* **Data block**:
[Start of section]
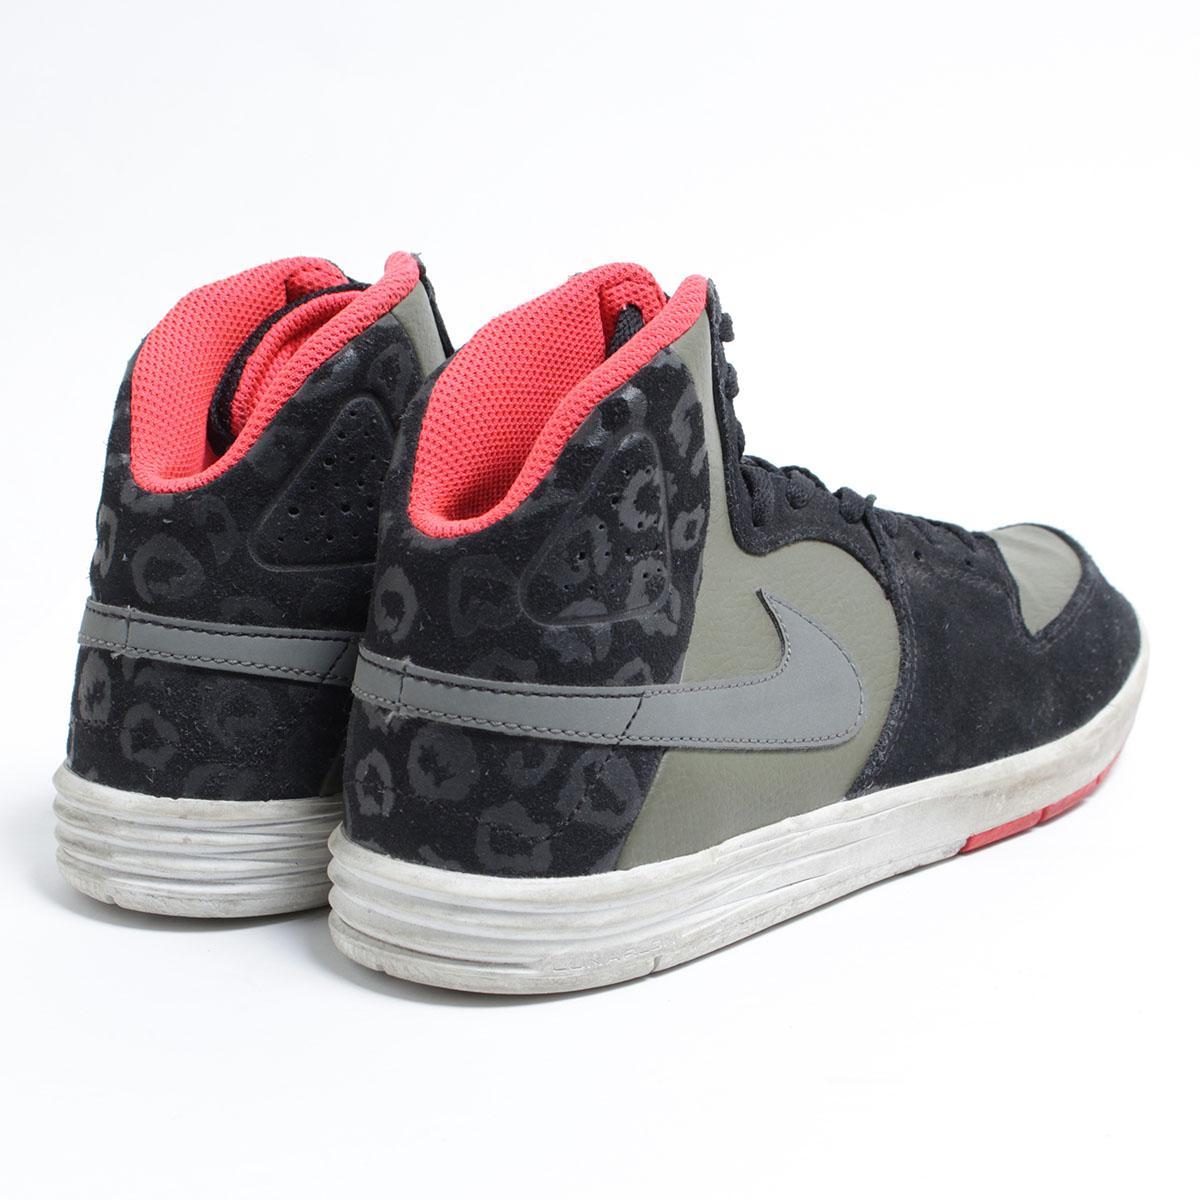 b873097a03b Nike NIKE SB PAUL RODRIGUEZ 7 HIGH sneakers US7Y Lady s 25.0cm  bol7384
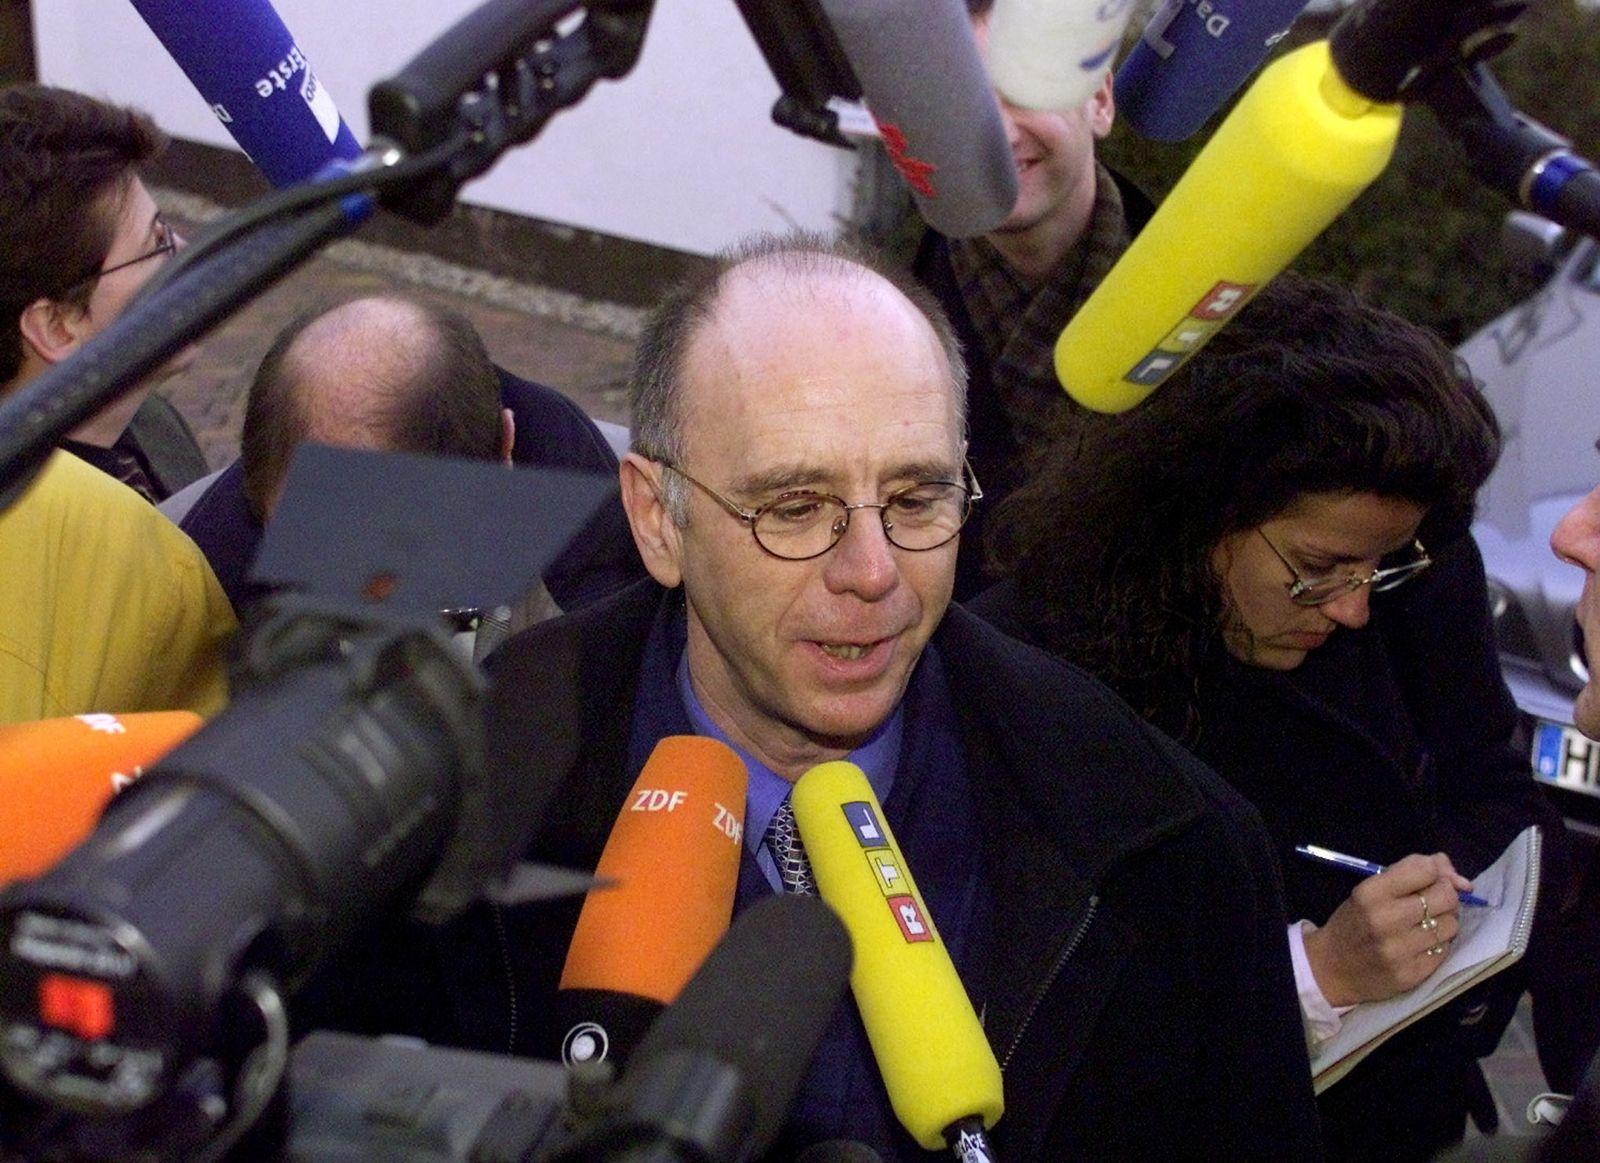 Walter Riester
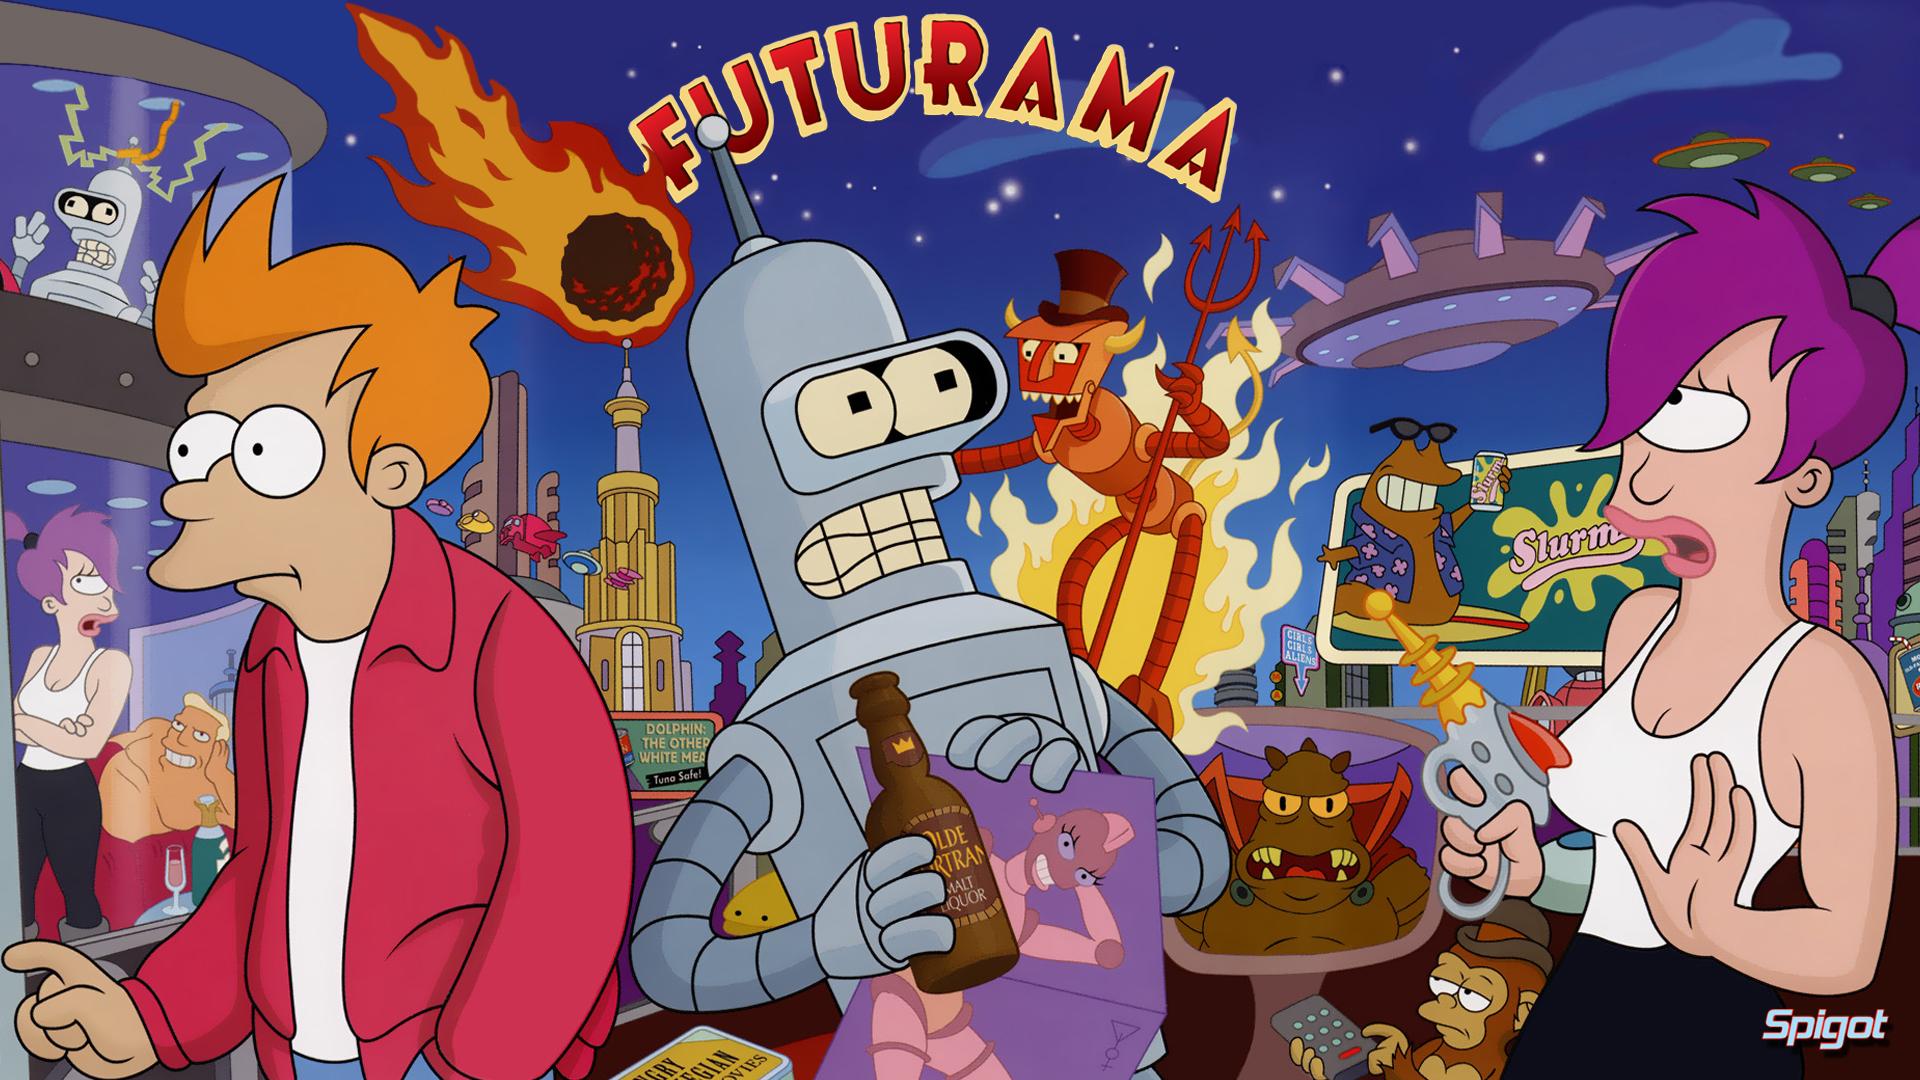 Futurama Backgrounds, Compatible - PC, Mobile, Gadgets  1920x1080 px
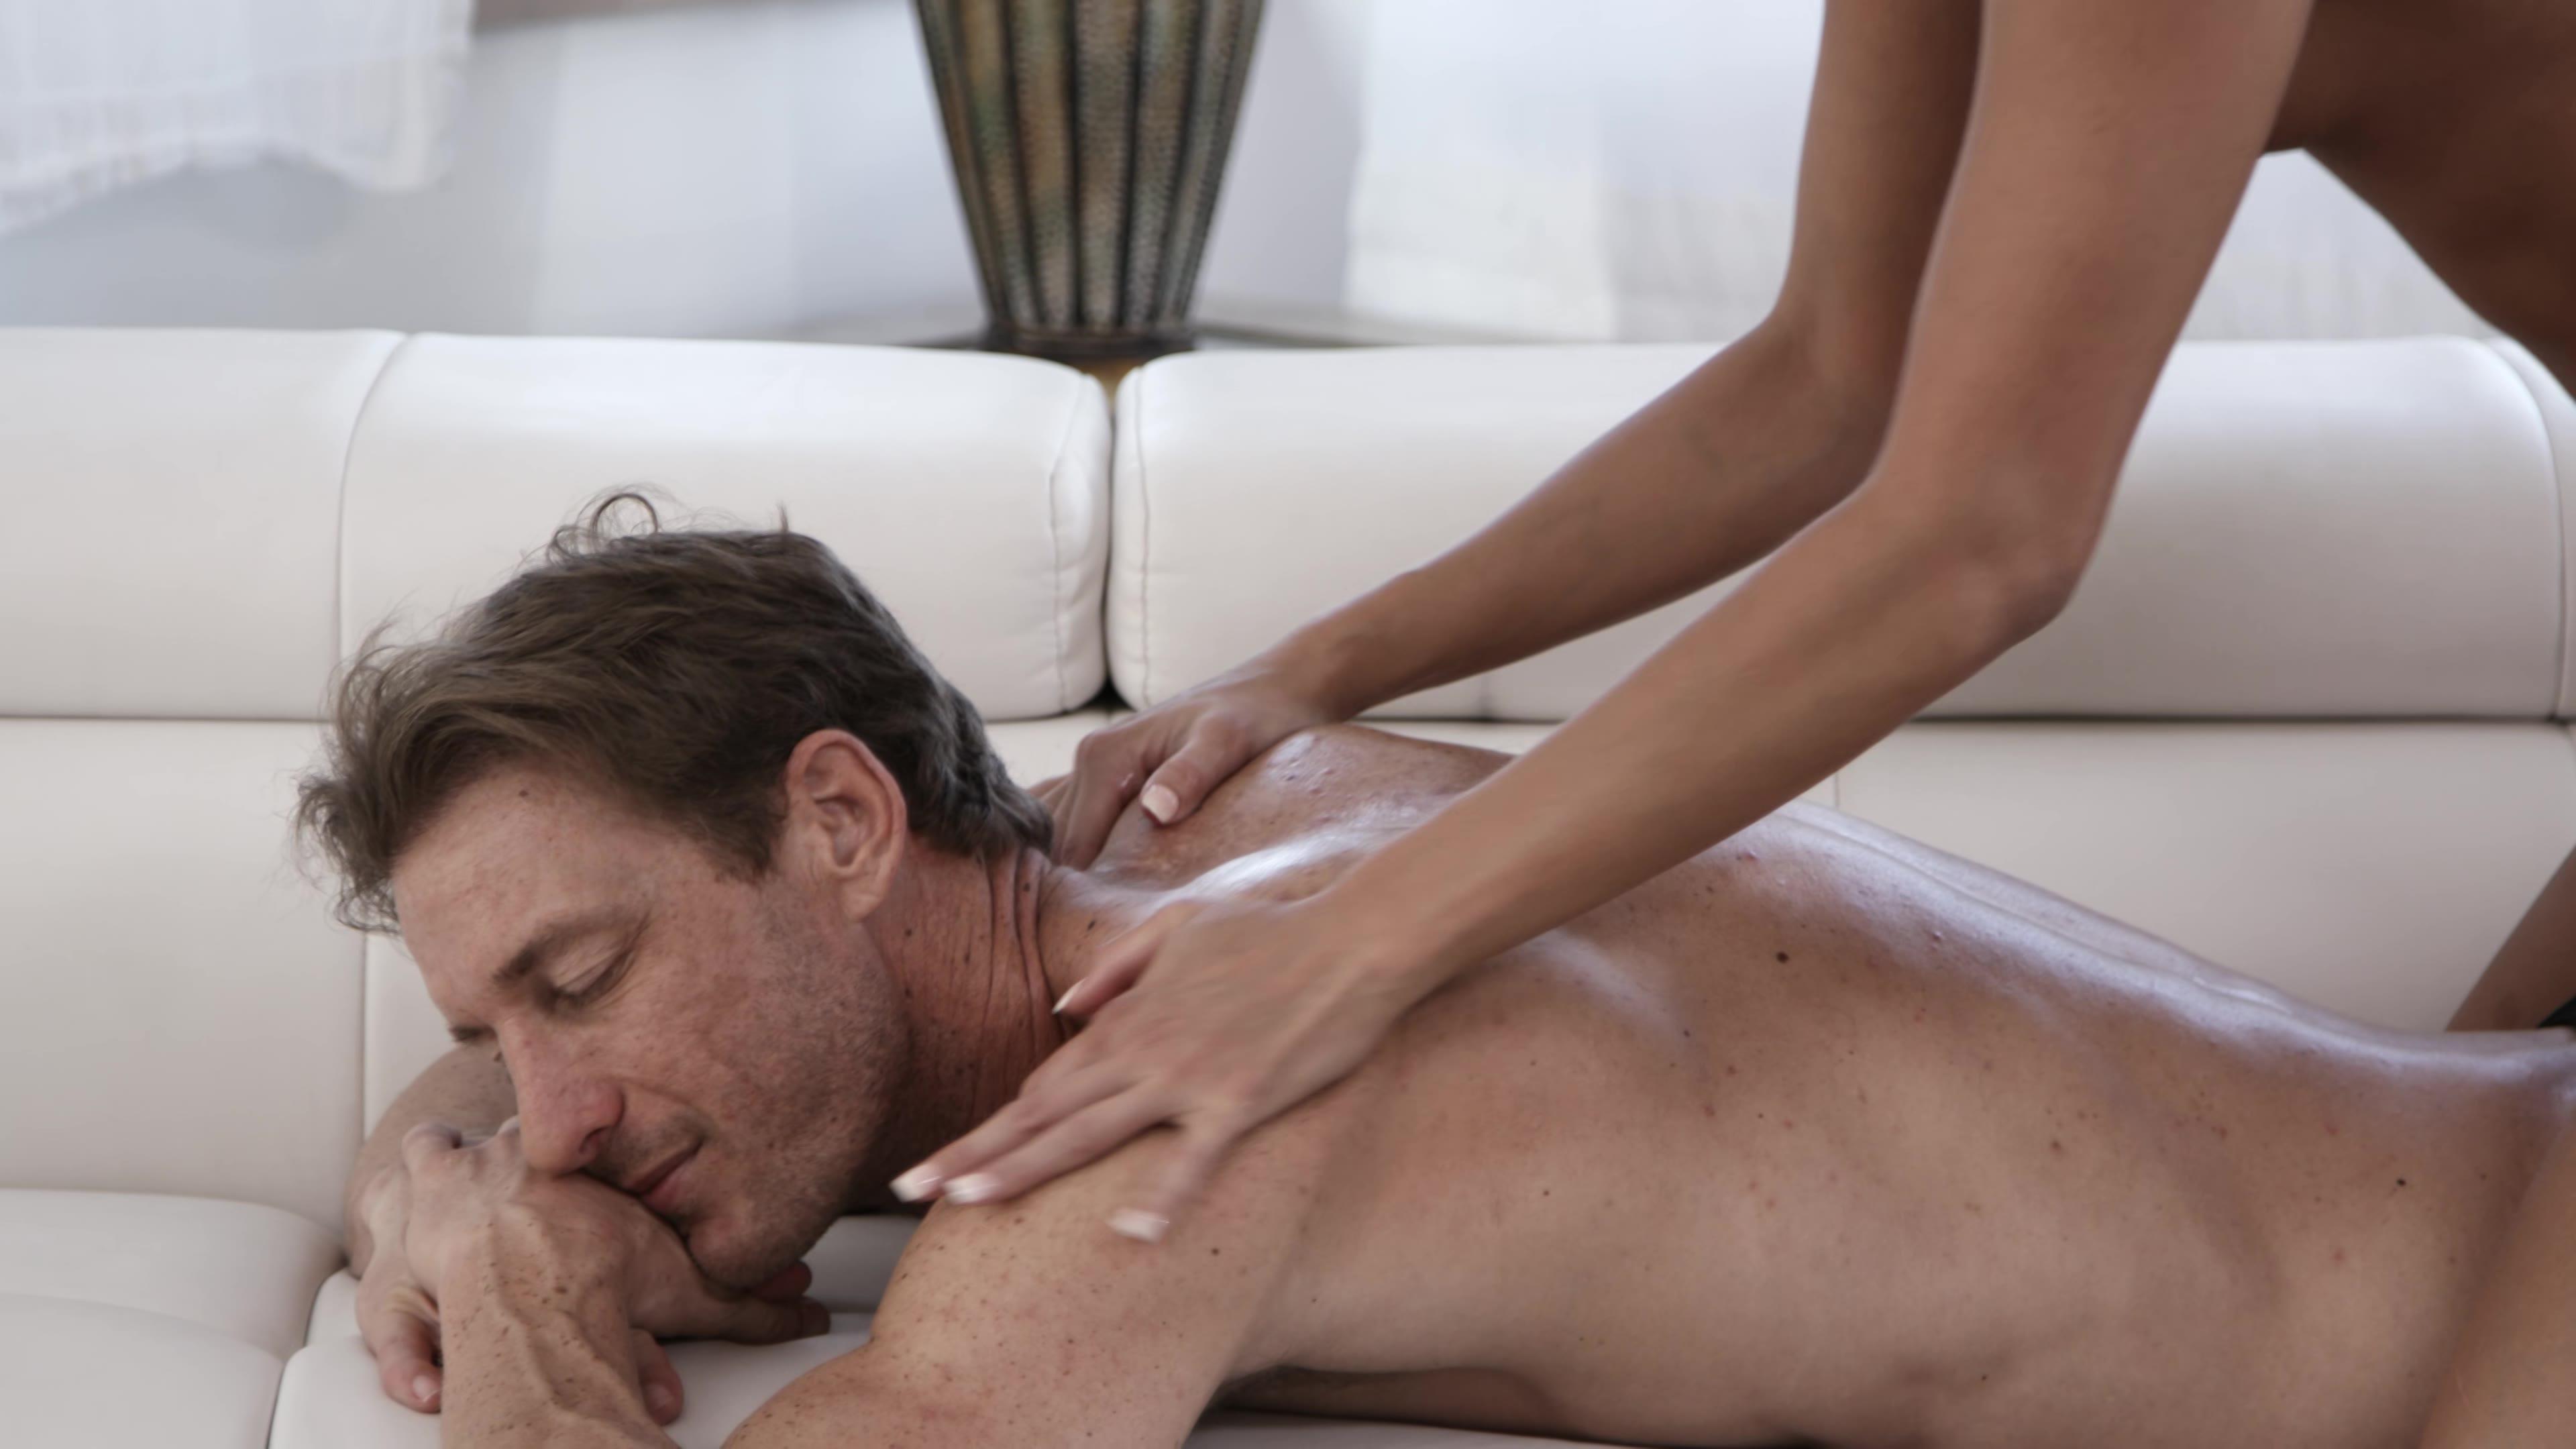 Asiatic Massage Porn bareback asian massage (2019) | adult dvd empire
[End of section]
Give back the material above exactly as it appears, minus the pictures.

 b873097a03b Nike NIKE SB PAUL RODRIGUEZ 7 HIGH sneakers US7Y Lady s 25.0cm  bol7384
 Walter Riester
 Futurama Backgrounds, Compatible - PC, Mobile, Gadgets  1920x1080 px
 Asiatic Massage Porn bareback asian massage (2019) | adult dvd empire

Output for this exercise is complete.